Smith’s black-and-white photographs of the victims, with their gaunt, hollowed ribcages and clutching hands, are unforgettably harrowing, and their publication in a LIFE magazine photoessay not only drew global outrage, but significantly bolstered the drive to claim compensation from the culpable factory owners.
The film isn’t a write-off. Well-handled, it could have had the sober dramatic voltage of something like Todd Haynes’ Dark Waters. The problems are of style, focus and intent. Levitas has shaped the story to flatter Smith with a fairly groan-worthy redemption arc – he’s a burnt-out case at the start, a boozy wreck the film lavishes with a Hemingwayesque tragic glamour. There’s only one shot of Depp looking terminally depressed in said beret, reclining on a chaise longue to Thelonious Monk while knocking back drinks in his elaborately bohemian studio-apartmentcum-darkroom, but it’s one too many.
Added to this is the hectoring colour palette, which dives into red darkroom filters whenever it wants contrast. The film is altogether too fond of nasty blue gels, pointless shots from the rafters and traumatising Smith – who sustained terrible burns from mortar fire during the Battle of Okinawa – with montages of his own war photography. Even after he’s brutally attacked by Chisso employees, who partially wrecked his eyesight, the film lingers on his bandages with rock-star awe, making a cool spectacle of his battle scars. For a film about photography, it often has bizarrely wrong-headed notions of where the camera ought to be.

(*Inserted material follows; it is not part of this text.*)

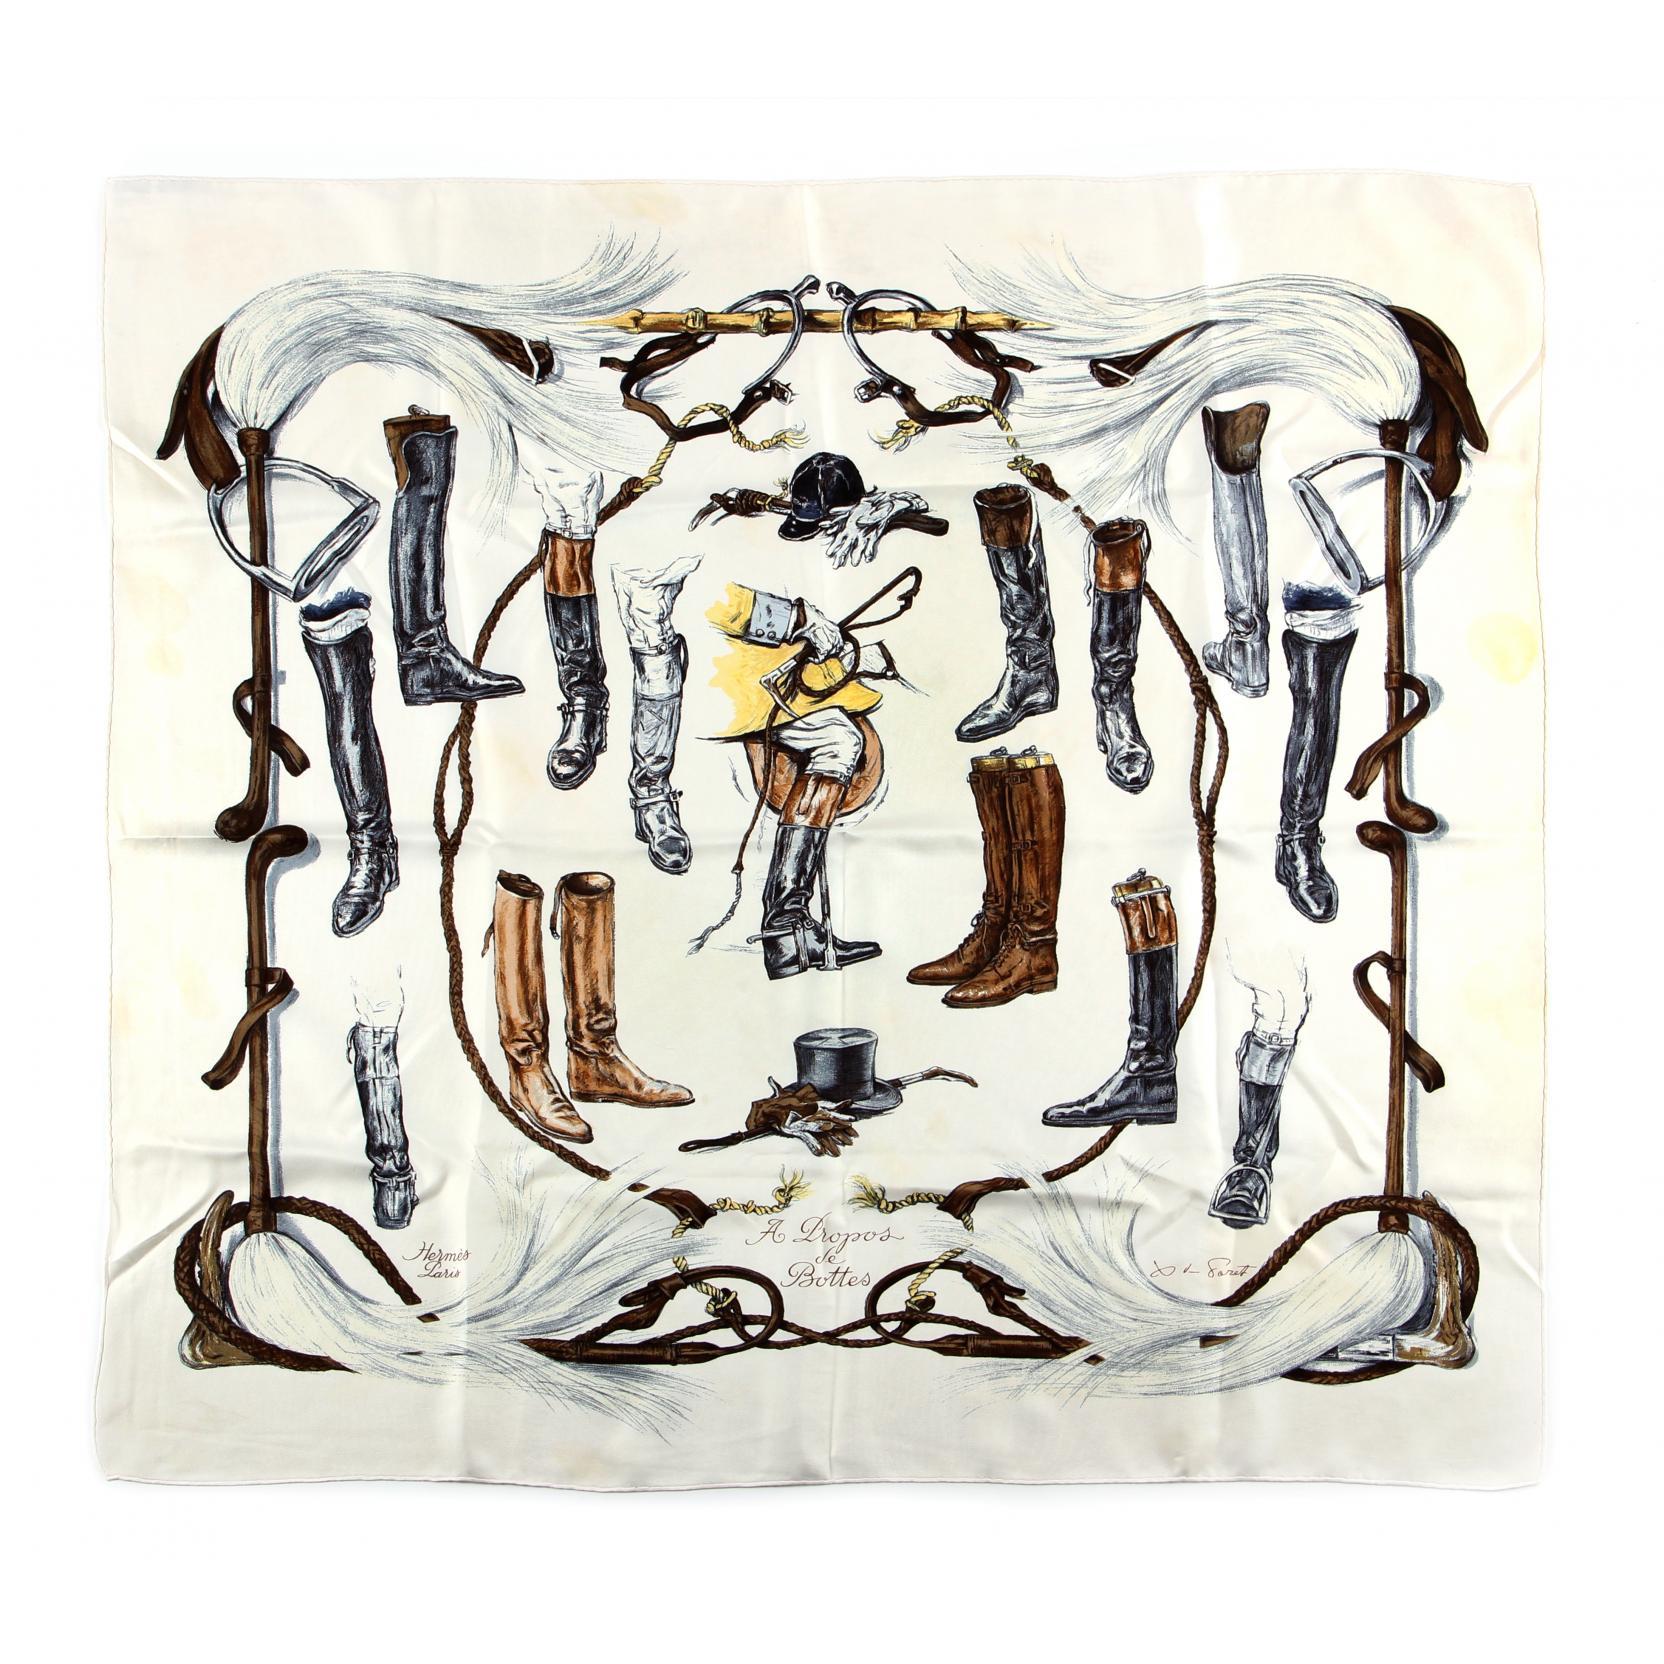 silk-scarf-a-propos-de-bottes-hermes

Even Ryuichi Sakamoto, such a theoretically perfect composer for this job, struggles to help the cause – or rather, his score rises to a pitch of agony that feels punishingly overlaid, trying to do too much work the images simply don’t support.
Bill Nighy, as Smith’s exasperated editor in New York, gets a little more to chew on than Hiroyuki Sanada, who’s thrown scraps as a justice-seeker at the Chisso gates. And Depp’s performance feels pretty sketchy. We’ve seen him run the gamut of tortured artist/ addict clichés so many times before – in The Libertine, The Rum Diary and even Secret Window – that this portrait hardly stands out.
Nothing in Minamata can lessen the power of Smith’s most famous picture, Tomoko Uemura in Her Bath –a mother/daughter image burning with an extraordinary intensity of love and sorrow. But nothing here illuminates it much, either.